Он усмехнулся краешком губ, но в глазах мелькнуло что‑то тёмное.

— Твой дом? — повторил, оглядев вокруг. — Наш дом, Зорька. Наш. А я мужчина, я знаю, как распоряжаться домом. Ты о платьях думай.

Слово «наш» он произнёс как «мой», и я это услышала. Слуги тоже. Кто‑то опустил взгляд, кто‑то, наоборот, выпрямился, словно получив нового хозяина.

С того дня он всё чаще говорил «мой дом», «мои стены», «моя земля». Для слуг это была удобная ясность. Они шли за тем, кто громче и увереннее. Он раздавал приказы моим именем:

— Барыня велела открыть кладовые! Несите угощение! — кричал он, даже не глядя в мою сторону.

Соседи начали шептаться почти сразу. Однажды я увидела, как у ворот остановилась карета. Из приоткрытого окошка выглянула знакомая дама, жена уездного предводителя. Она посмотрела на костры во дворе, на развешанное между кучами камней бельё, на смеющихся босоногих детей, и её рот сжался в тонкую линию. Она дёрнула шторку, и карета тронулась, даже не заехав на аллею.
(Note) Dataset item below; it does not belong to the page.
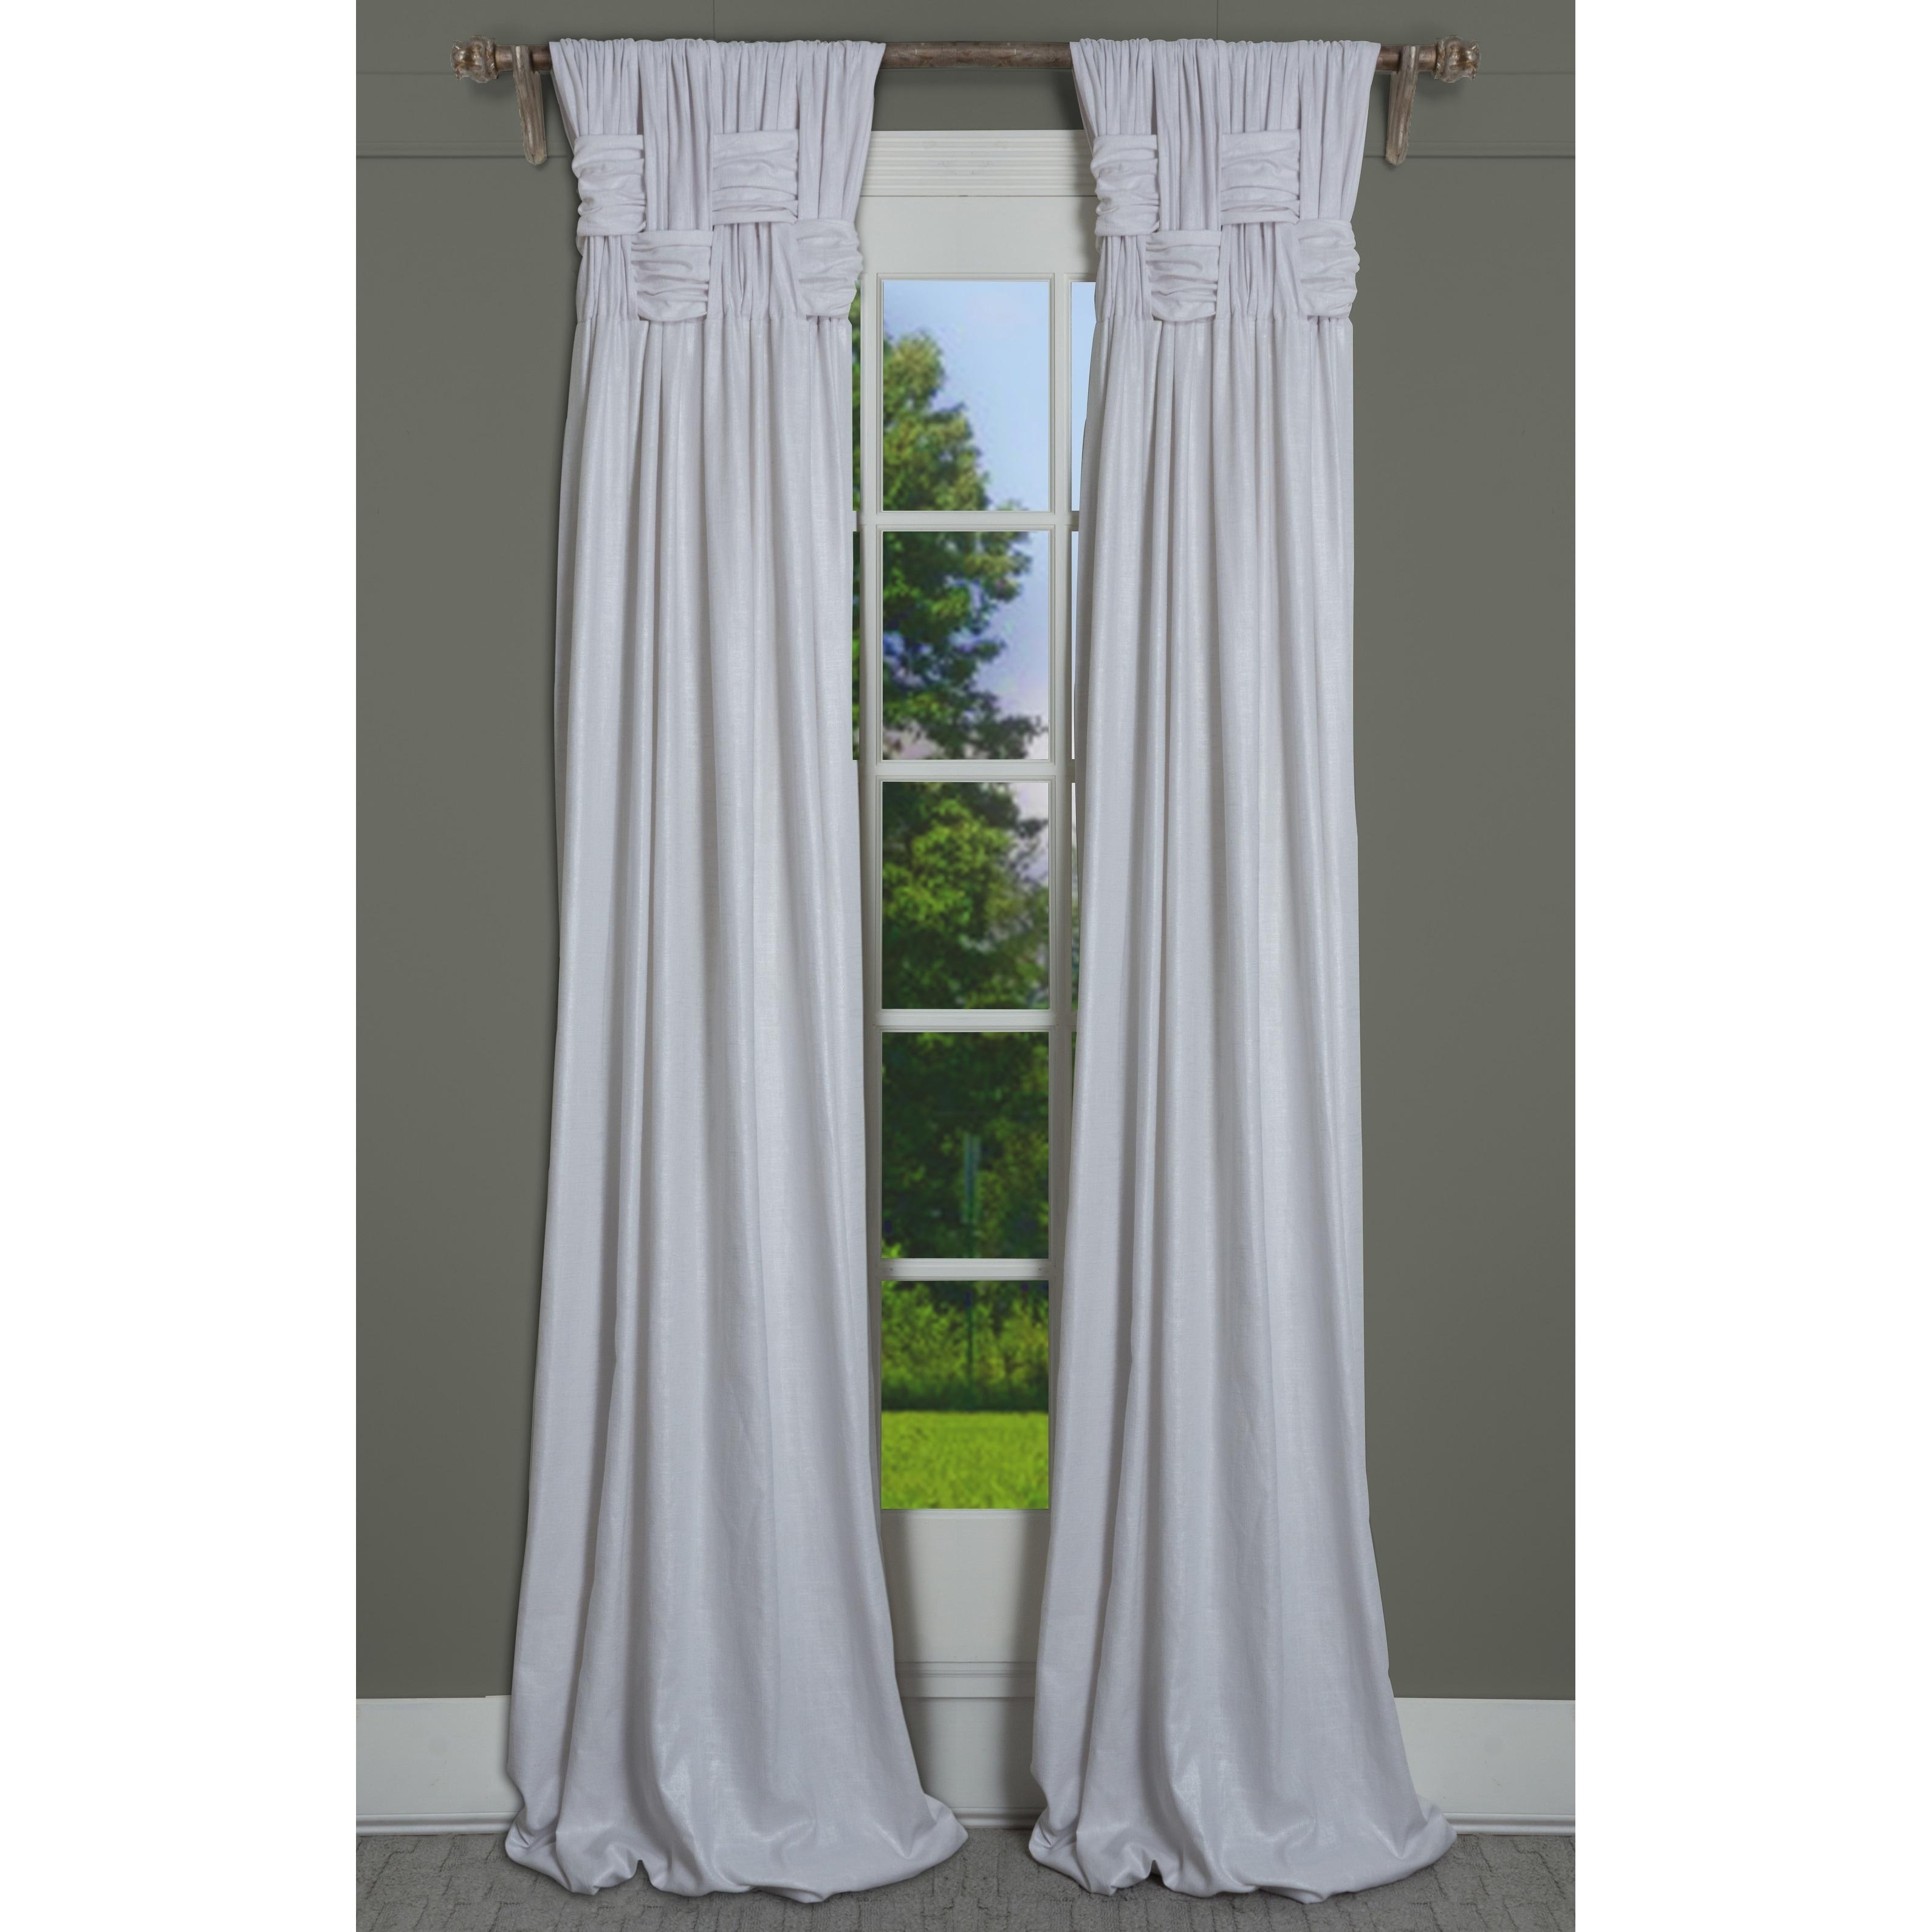 Rt Dressings Chelsea Brook Lustre Cotton Metallic Single Curtain Panel Inside Single Curtain Panels (Gallery 31 of 31)

— В округе говорят, что родовой дом превратился в ярмарочный лагерь, — осторожно заметил вечером управляющий. — Мне тяжело это слушать, барыня.

Мне было ещё тяжелее. Я тайком от Романа начала писать отцу. Ночью, при дрожащем свете свечи, я сидела за маленьким столиком в своей спальне, и перо царапало бумагу, как будто выцарапывало из меня признание в слабости. Я описывала костры во дворе, разорванные скатерти, чужие голоса под моими окнами, то, как меня перестают слышать. Писала и о том, что всё ещё люблю этого человека, который устраивает здесь свой шатёр.

Письмо я сложила, запечатала и утром отдала надёжному слуге, велев везти его окольной дорогой, минуя табор. Но к вечеру Роман вошёл в мою комнату, держа конверт двумя пальцами, как мёртвую бабочку.

— Это что? — голос у него был мягкий, почти ласковый, и от этого мне стало холоднее, чем если бы он кричал.

Я попыталась отнять письмо, но он отдёрнул руку.

— Старика тревожишь? — Он надорвал печать, пробежал глазами строки. Челюсть его на миг напряглась, затем он фыркнул. — Думаешь, он приедет и всех разгонит? Зря. У него своя жизнь. Ты ему давно не нужна, Зорька. Хватит цепляться за детство.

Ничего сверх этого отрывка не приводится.